Happy Birthday, David Leavitt, born 23 June 1961.
- Obviously any fiction is going to be a combination of what is invented, what is overheard, what is experienced, what is experienced by people close to you, what you are told, what you have read, all mixed together into this kind of soup which, like any good soup, at the end you cannot really distinguish the ingredients.
- Novels are forged in passion, demand fidelity and commitment, often drive you to boredom or rage, sleep with you at night. They are the long haul. They are marriage. Stories, on the other hand, you can lose yourself in for a few weeks and then wrap up, or grow tired of and abandon and (maybe) return to later. They can cuddle you sweetly, or make you get on your knees and beg.

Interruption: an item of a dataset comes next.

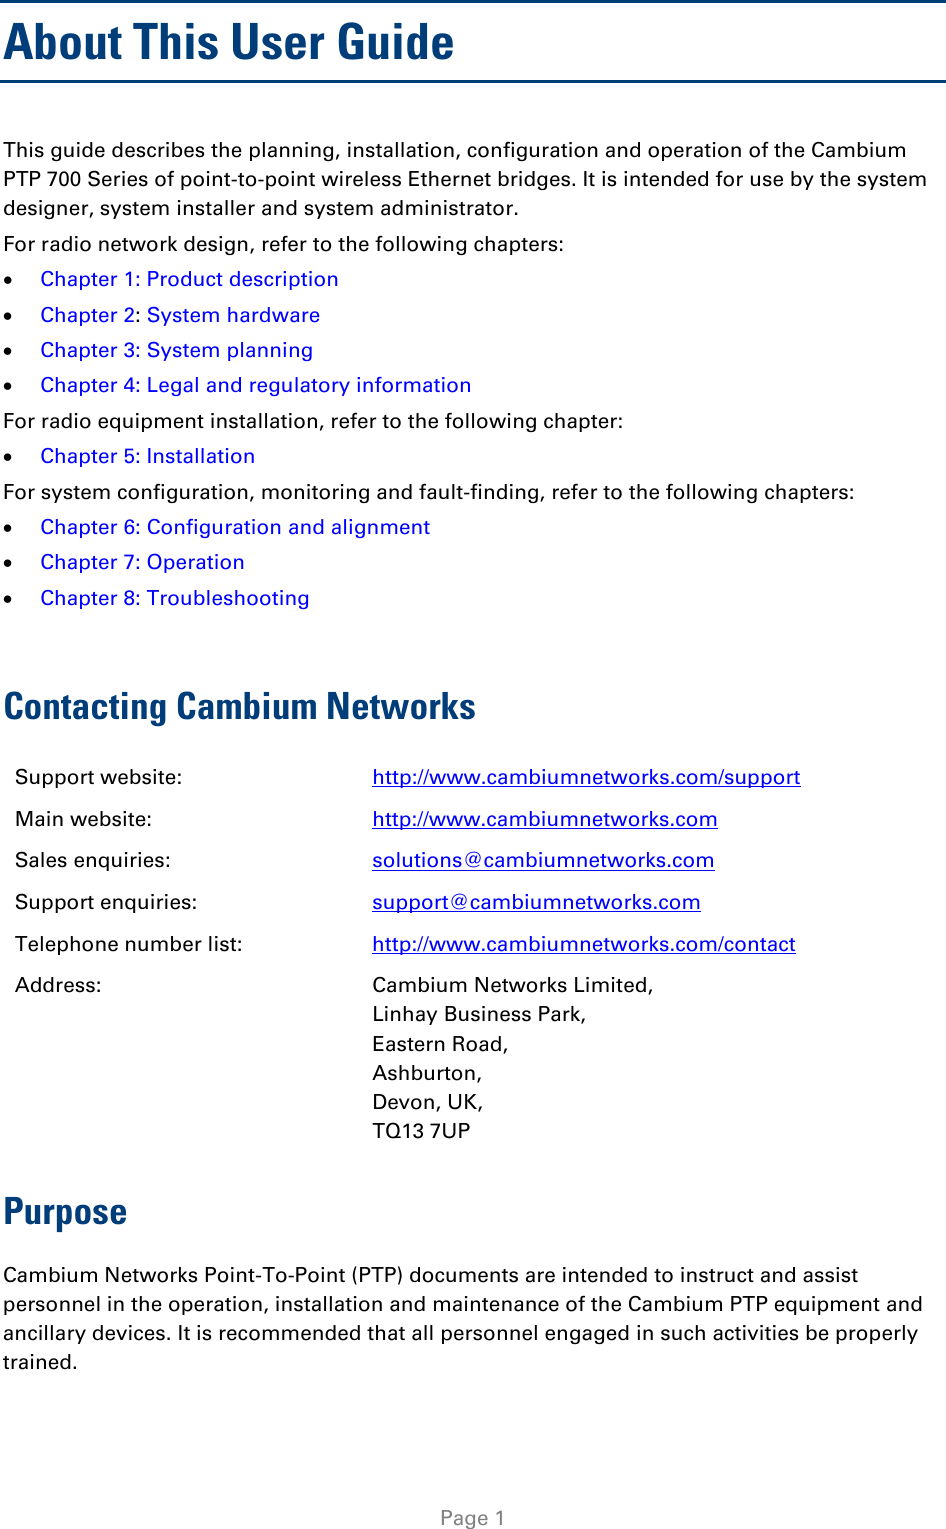  About This User Guide This guide describes the planning, installation, configuration and operation of the Cambium PTP 700 Series of point-to-point wireless Ethernet bridges. It is intended for use by the system designer, system installer and system administrator.  For radio network design, refer to the following chapters: • Chapter 1: Product description • Chapter 2: System hardware • Chapter 3: System planning • Chapter 4: Legal and regulatory information  For radio equipment installation, refer to the following chapter: • Chapter 5: Installation For system configuration, monitoring and fault-finding, refer to the following chapters: • Chapter 6: Configuration and alignment • Chapter 7: Operation • Chapter 8: Troubleshooting  Contacting Cambium Networks Support website:  http://www.cambiumnetworks.com/support Main website:  http://www.cambiumnetworks.com Sales enquiries:  solutions@cambiumnetworks.com Support enquiries:  support@cambiumnetworks.com Telephone number list: http://www.cambiumnetworks.com/contact Address:  Cambium Networks Limited, Linhay Business Park, Eastern Road, Ashburton, Devon, UK, TQ13 7UP Purpose Cambium Networks Point-To-Point (PTP) documents are intended to instruct and assist personnel in the operation, installation and maintenance of the Cambium PTP equipment and ancillary devices. It is recommended that all personnel engaged in such activities be properly trained.  Page 1

- When one writer tries to silence another, he silences every writer-and in the end he also silences himself.
- We all spend so much time worrying about the future that the present moment slips right out of our hands. And so all we have left is retrospection and anticipation, retrospection and anticipation.

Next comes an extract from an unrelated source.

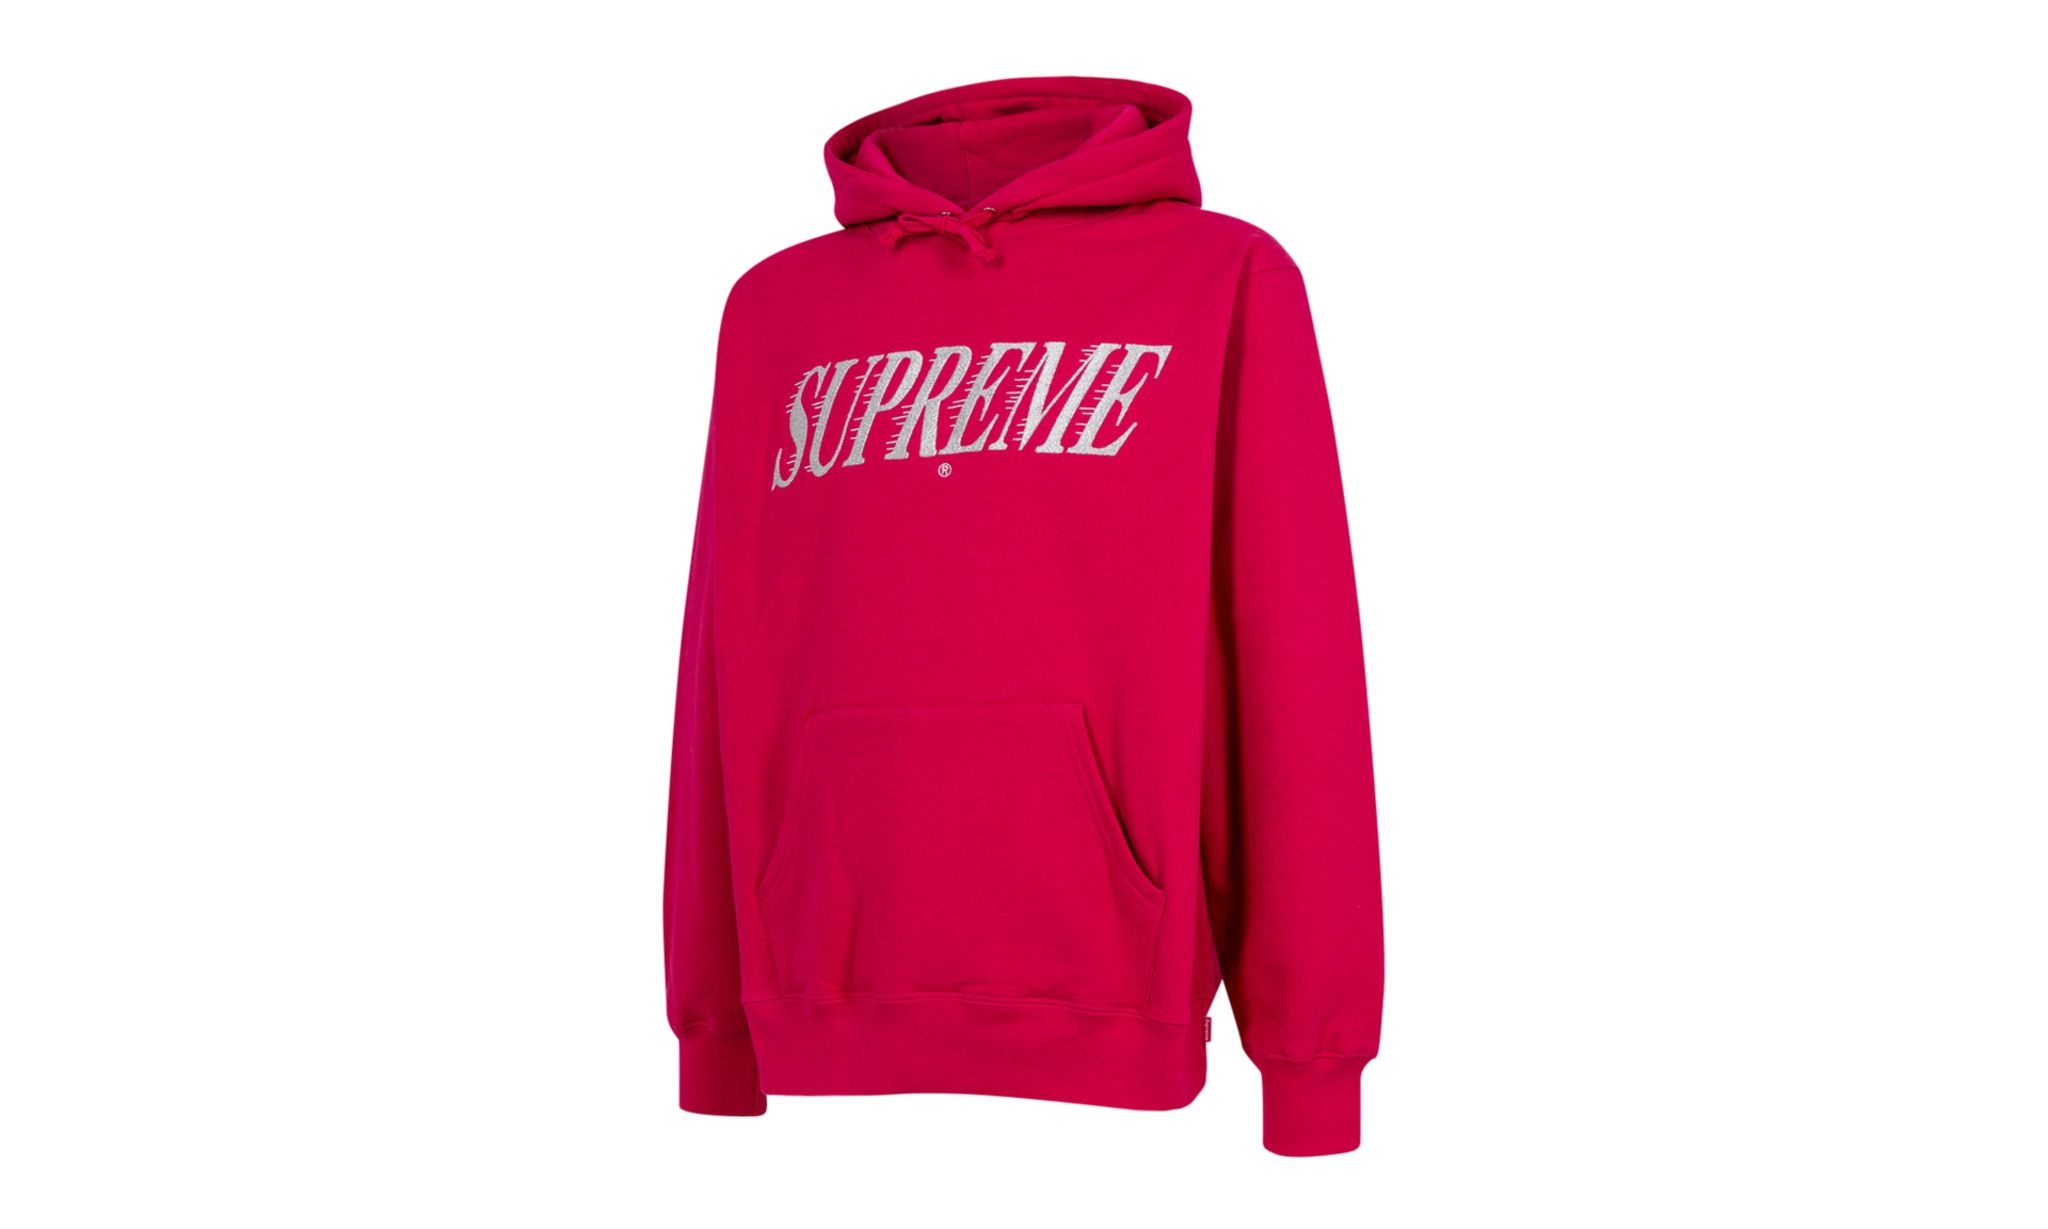 Crossover Hoodie "SS 20" - 2

- In a memoir, I think, the contract implies a certain degree of truth. I think you have to be as true to your memory and your experience as you possibly can.
David Leavitt is an American writer of novels, short stories, and non-fiction. He is a professor at the University of Florida, where he is the co-director of the creative writing program. He is also the editor of Subtropics magazine, The University of Florida’s literary review. His first novel was The Lost Language of Cranes.